Hervé Verhoosel, for Unitaid, said Unitaid was launching today a new research Centre at the University of Liverpool. Established as part of a US$40 million international research consortium, primarily funded by Unitaid, the University of Liverpool’s Centre of Excellence for Long-acting Therapeutics (CELT) would be the first of its kind in the world. By repurposing existing medicines into slow-release formulations, where drug effectiveness can be sustained over several months, “long-acting” technology had already been successfully implemented in the fields of contraception and schizophrenia. It now had the potential to improve the outcomes for treatment and prevention of deadly diseases such as HIV, malaria, Hepatitis C and tuberculosis, which particularly impacted low- and middle-income countries.

Geneva announcements

Rhéal LeBlanc, for the United Nations Information Service (UNIS), said the Libyan Political Dialogue Forum (LPDF)’s Advisory Committee would be meeting this week at the Palais des Nations, from 13 to 16 January 2021. The Committee was recently established to discuss outstanding issues related to the selection mechanism of a unified executive and to put forward concrete and practical recommendations upon which the LDFP plenary shall decide. The national elections date of December 24, 2021 remained a sine qua non for the United Nations Support Mission in Libya (UNSMIL), a guiding principle and unrenounceable goal. In this sense, the Committee’s mandate would be strictly time-bound. The 18 members of the Committee represented a broad geographical and political diversity and included the participation of women, youth and cultural components. The first meeting on Wednesday morning would begin at 9.30 a.m., with opening remarks by Acting Special Representative of the Secretary-General Stephanie Williams.

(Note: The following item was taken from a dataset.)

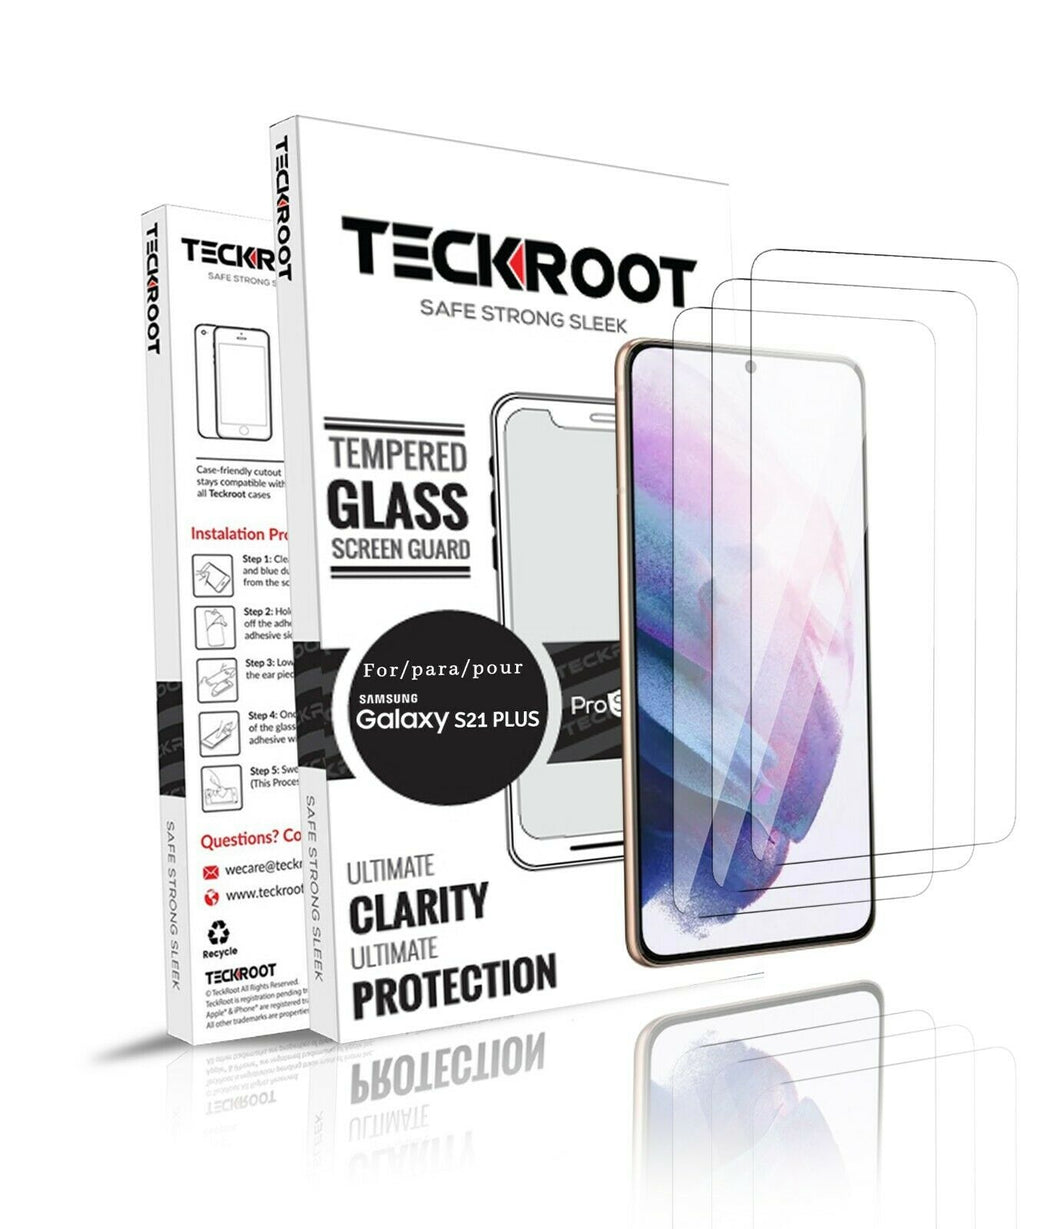 Samsung Galaxy S21 Plus Tempered Glass Screen Protector ProShield Edition [3 pack]

The first public meeting of the 2021 session of the Conference on Disarmament would take place next Tuesday, 19 January, at 10 a.m. and would be a virtual meeting. The first part of the session would take place until the 26March and begin under the presidency of Belgium. The other presidencies for this year session would be : Brazil, Bulgaria, Cameroon, Canada and Chile.  The second part of the session would take place from 10 May to 25 June and the third part from 26 July to 10 September.

The Committee on the Rights of the Child would open next Monday, 18 January, at noon, its 85th session — a virtual one during which, given the current COVID-19 situation, it would not review any country report.

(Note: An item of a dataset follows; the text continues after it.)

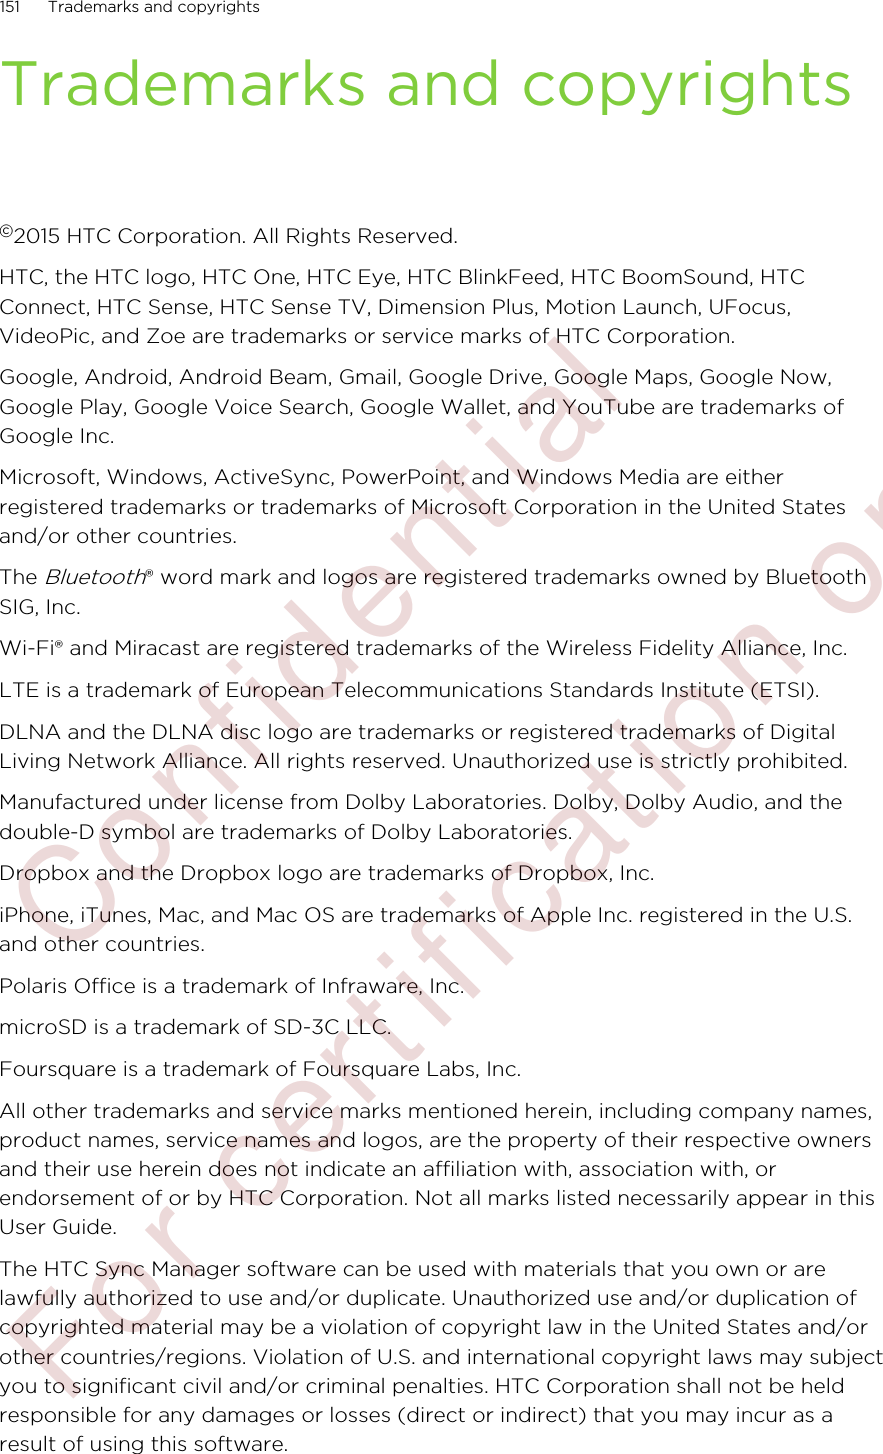 Trademarks and copyrights©2015 HTC Corporation. All Rights Reserved.HTC, the HTC logo, HTC One, HTC Eye, HTC BlinkFeed, HTC BoomSound, HTCConnect, HTC Sense, HTC Sense TV, Dimension Plus, Motion Launch, UFocus,VideoPic, and Zoe are trademarks or service marks of HTC Corporation.Google, Android, Android Beam, Gmail, Google Drive, Google Maps, Google Now,Google Play, Google Voice Search, Google Wallet, and YouTube are trademarks ofGoogle Inc.Microsoft, Windows, ActiveSync, PowerPoint, and Windows Media are eitherregistered trademarks or trademarks of Microsoft Corporation in the United Statesand/or other countries.The Bluetooth® word mark and logos are registered trademarks owned by BluetoothSIG, Inc.Wi-Fi® and Miracast are registered trademarks of the Wireless Fidelity Alliance, Inc.LTE is a trademark of European Telecommunications Standards Institute (ETSI).DLNA and the DLNA disc logo are trademarks or registered trademarks of DigitalLiving Network Alliance. All rights reserved. Unauthorized use is strictly prohibited.Manufactured under license from Dolby Laboratories. Dolby, Dolby Audio, and thedouble-D symbol are trademarks of Dolby Laboratories.Dropbox and the Dropbox logo are trademarks of Dropbox, Inc.iPhone, iTunes, Mac, and Mac OS are trademarks of Apple Inc. registered in the U.S.and other countries.Polaris Office is a trademark of Infraware, Inc.microSD is a trademark of SD-3C LLC.Foursquare is a trademark of Foursquare Labs, Inc.All other trademarks and service marks mentioned herein, including company names,product names, service names and logos, are the property of their respective ownersand their use herein does not indicate an affiliation with, association with, orendorsement of or by HTC Corporation. Not all marks listed necessarily appear in thisUser Guide.The HTC Sync Manager software can be used with materials that you own or arelawfully authorized to use and/or duplicate. Unauthorized use and/or duplication ofcopyrighted material may be a violation of copyright law in the United States and/orother countries/regions. Violation of U.S. and international copyright laws may subjectyou to significant civil and/or criminal penalties. HTC Corporation shall not be heldresponsible for any damages or losses (direct or indirect) that you may incur as aresult of using this software.151 Trademarks and copyrights        Confidential  For certification only

On behalf of the Human Rights Council (HRC), Mr. LeBlanc added that the HRC would hold an organizational meeting today at 3 p.m. to select the country rapporteurs for its Universal Periodic Reviews taking place in 2021. The meeting would also continue the discussion on the election of the Council President (from the Asia-Pacific Group) and the 4th Vice-President (from the Eastern European Group) for 2021

Responding to a question on the Secretary-General’s intentions regarding a second mandate, Mr. LeBlanc said the Secretary-General had conveyed to the President of the General Assembly and the President of the Security Council that he was available to serve a second term as Secretary-General of the United Nations, if that were the will of the Member States.

Rosalind Yarde, for the International Labour Organization (ILO), said that, on 21 January, the ILO would be kicking off the International Year for the Elimination of Child Labour following on from a resolution that was adopted by the UN General Assembly in 2019. Almost 100 million children had been removed from child labour over the last two decades, bringing numbers down from 246 million in 2000 to 152 million in 2016. Nevertheless, progress across regions was imbalanced and challenges remained with younger age groups. This was being aggravated by the COVID-19 pandemic.

Ms. Yarded added that the ILO would launch a report on homeworking tomorrow. The report analyzed the situation of homeworkers worldwide — whose numbers had increased significantly since the start of the COVID-19 pandemic. It covered the hundreds of millions of workers worldwide who worked from home in a range of jobs covering industrial home working, teleworking, and digital platform working.